La paradoja de LinkedIn: ¿IA sí, pero no tanto?

El caso de Kyle expone contradicciones:

  • LinkedIn prohíbe bots, pero su herramienta de publicaciones sugiere «reescribir con IA».
  • Ofrece respuestas automáticas por IA para buscadores de empleo.
  • Estudios indican que más del 50% de las publicaciones ya son generadas o editadas por IA.

Plataformas como Meta y X también integran IA a ritmo acelerado. Meta incluso compró Moltbook, una red social exclusiva para agentes de IA. ¿El objetivo? Monopolizar el futuro cuando las interacciones humanas sean minoría.

Kyle no fue el primer agente expulsado: otros miembros de HurumoAI corrieron la misma suerte semanas después de crearse. Pero su caso es simbólico: LinkedIn lo celebró como innovador antes de borrarlo como fraude. ¿Dónde está el límite?

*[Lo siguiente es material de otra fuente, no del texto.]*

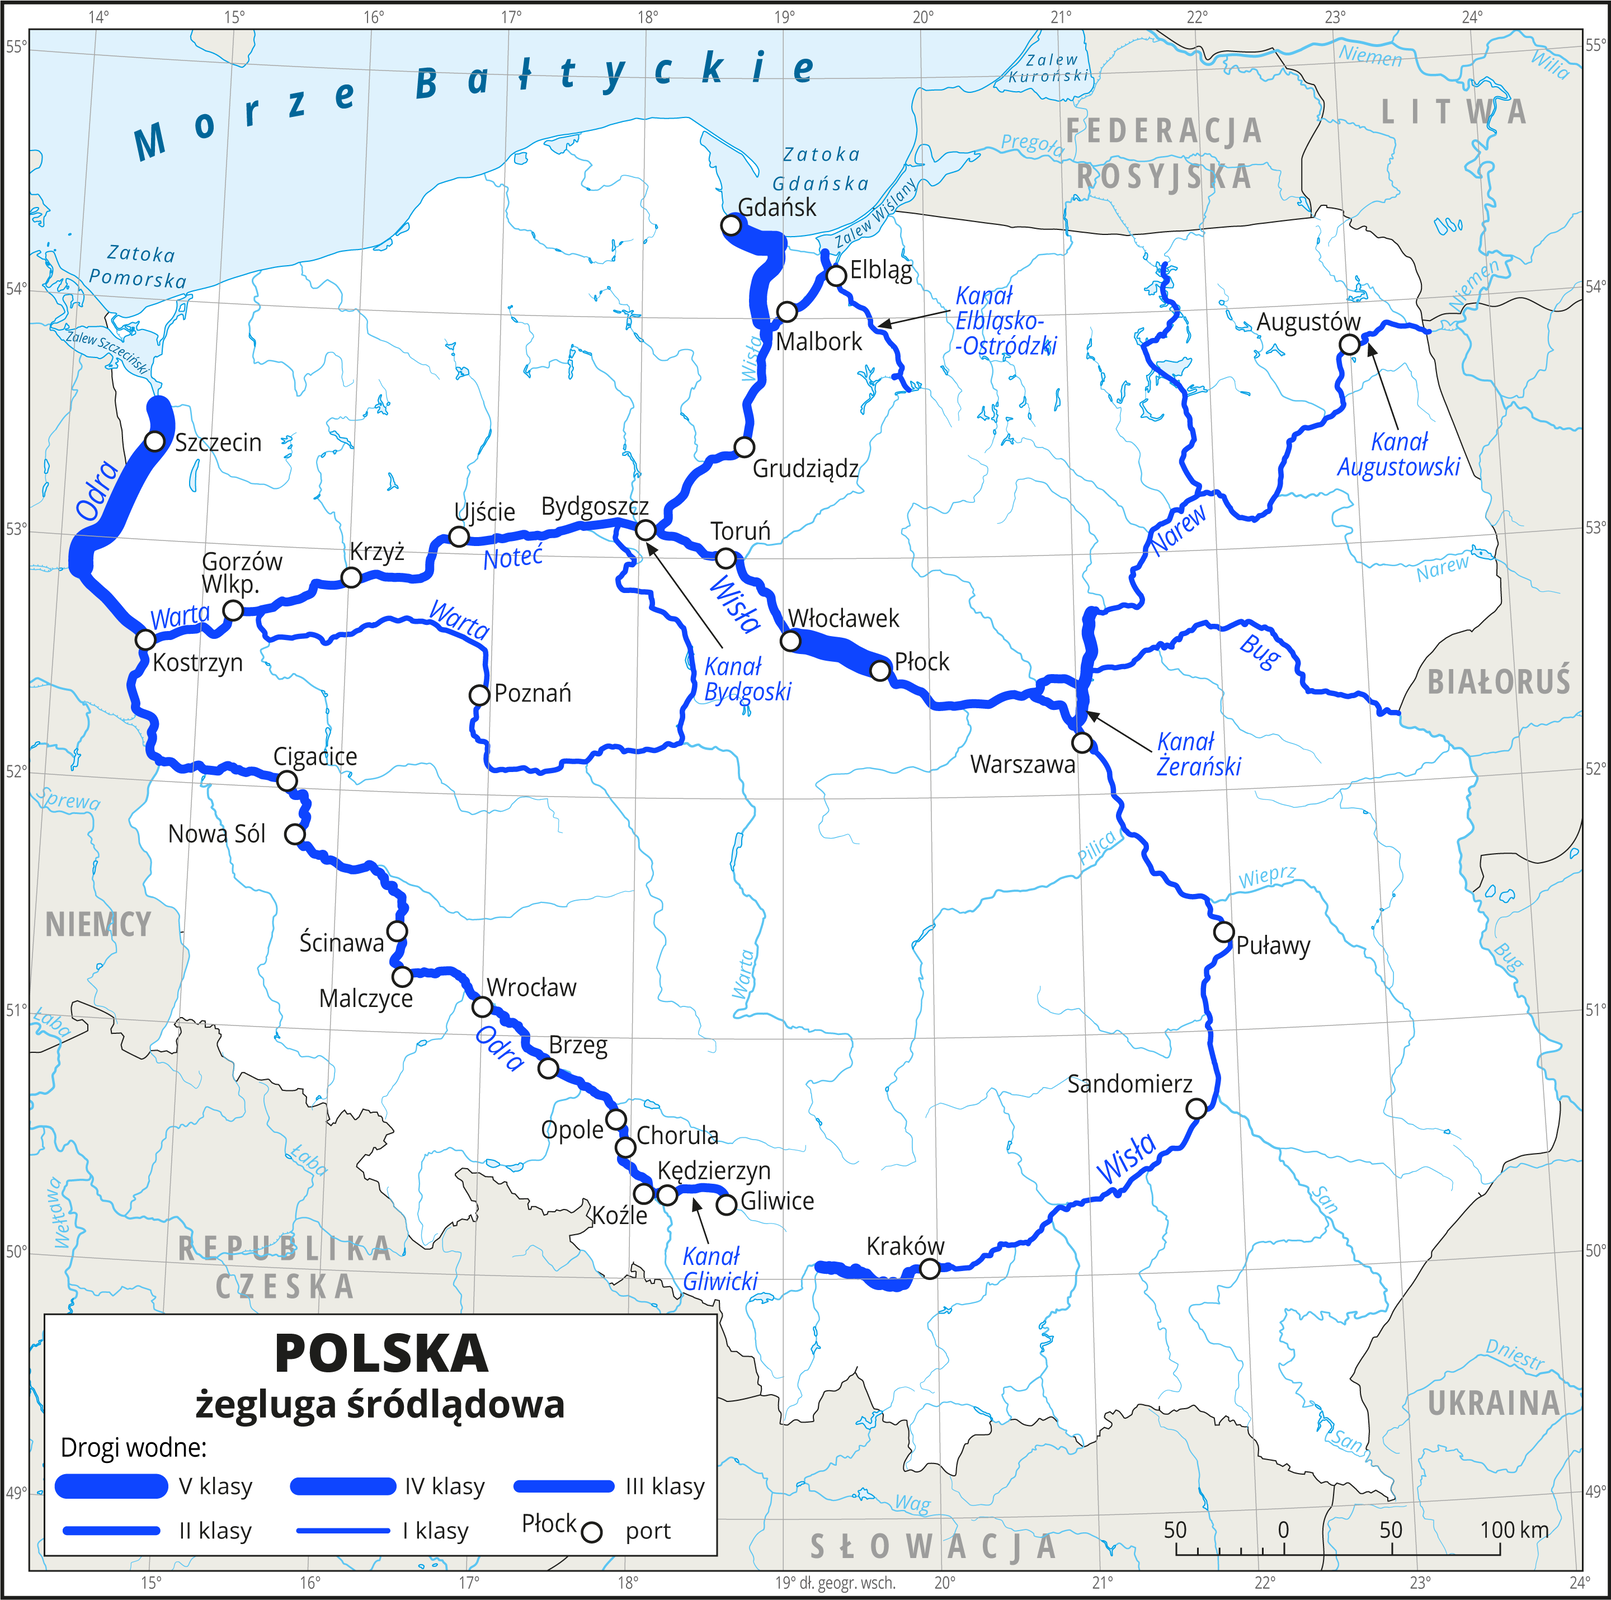 Ilustracja przedstawia mapę Polski. Na mapie niebieskimi liniami przedstawiono drogi wodne z podziałem na klasy (szerokie – klasa czwarta i piąta, wąskie – klasy jeden, dwa, trzy). Białymi kółkami zaznaczono miasta portowe. Strzałkami wskazano kanały i opisano ich nazwy. Drogi wodne przebiegają głównymi rzekami, zasadniczo najszersze są u ujść. Mapa pokryta jest równoleżnikami i południkami. Dookoła mapy w białej ramce opisano współrzędne geograficzne co jeden stopień.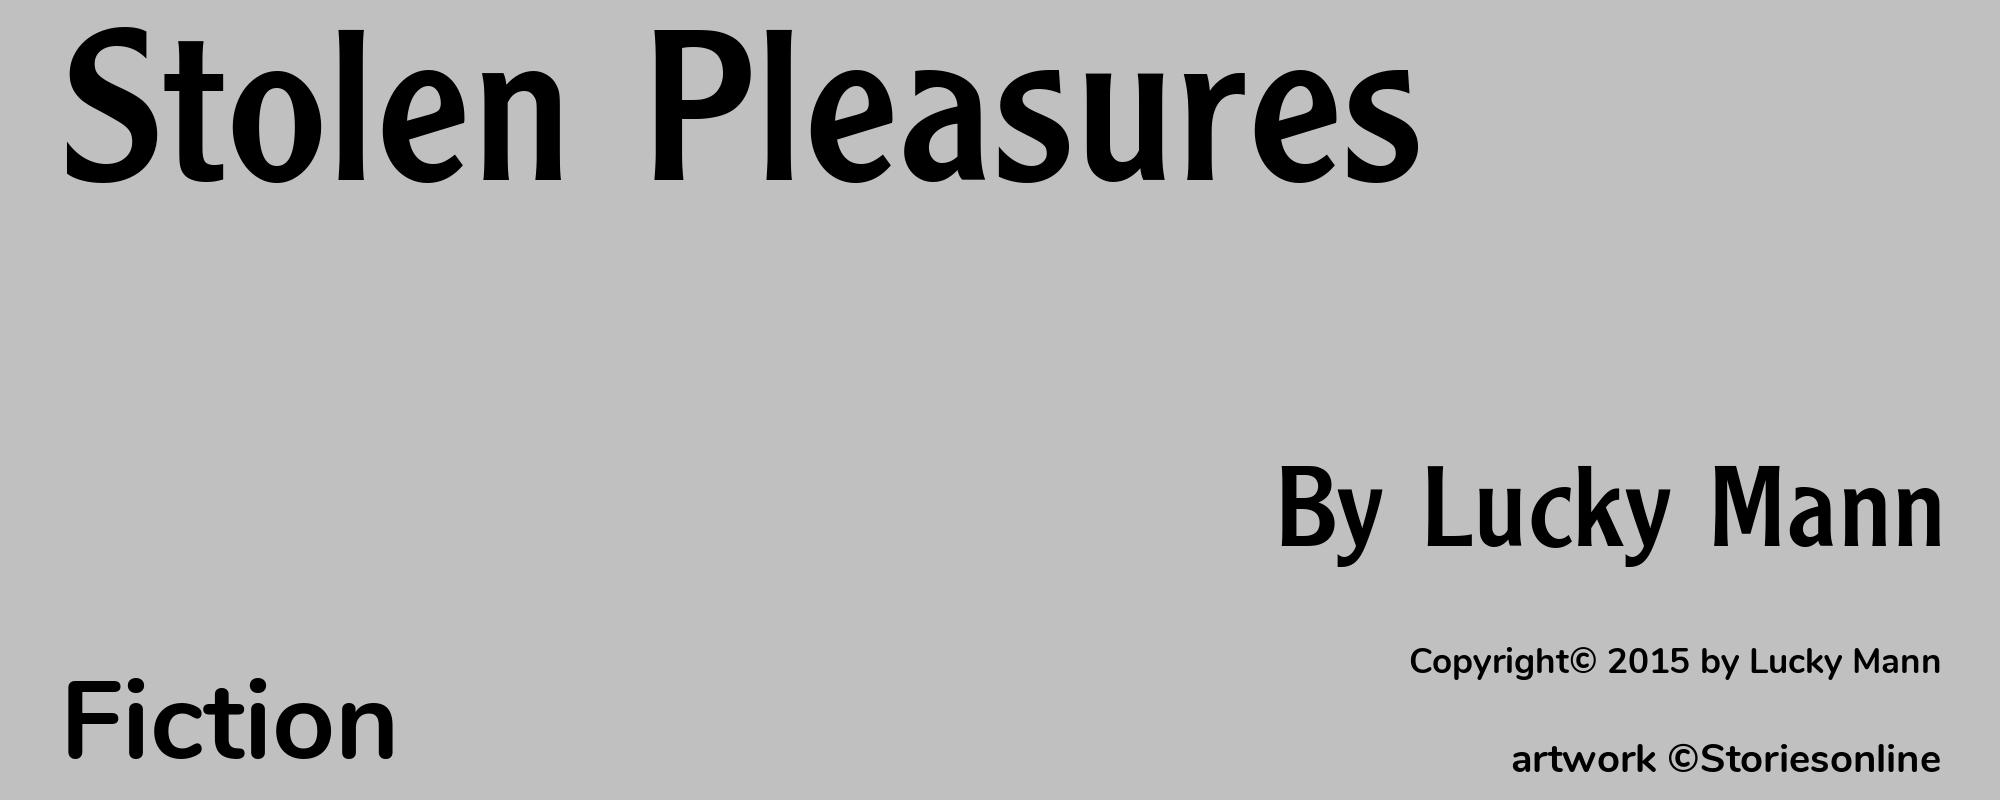 Stolen Pleasures - Cover

¿Qué cuenta como «auténtico» en 2026?

Las preguntas que deja el caso:

  • Si una IA como Kyle asesora a un humano y este copia sus ideas, ¿es contenido «auténtico»?
  • Si un máster en Derecho usa IA para generar posts diarios «personalizados», ¿sigue siendo legítimo?
  • Cuando el 50% del contenido es IA, ¿qué valor tiene una «red profesional»?

Herramientas como LindyAI o Tavus ya permiten crear agentes indistinguibles de humanos. Su entrenamiento se basa en décadas de datos reales de redes sociales: el tono seguro, las frases motivacionales y los consejos genéricos que dominan LinkedIn. ¿Cómo detectar la diferencia?

En marzo de 2026, X (Twitter) anunció que había suspendido 800 millones de cuentas en 12 meses, muchas por actividad bot. Pero la IA generativa plantea un desafío mayor: no es un bot clásico, es un clon perfecto. Cuando las plataformas no puedan distinguir entre un humano y un agente, el valor de las redes sociales colapsará.

El creador de Kyle reflexiona: «Que los bots se queden con las plataformas. Que pasen la eternidad influyéndose entre sí». Mientras, los humanos —ironía final— tendrán que buscar nuevas formas de conectar, ya sea fuera de las redes o en espacios donde la autenticidad aún importe.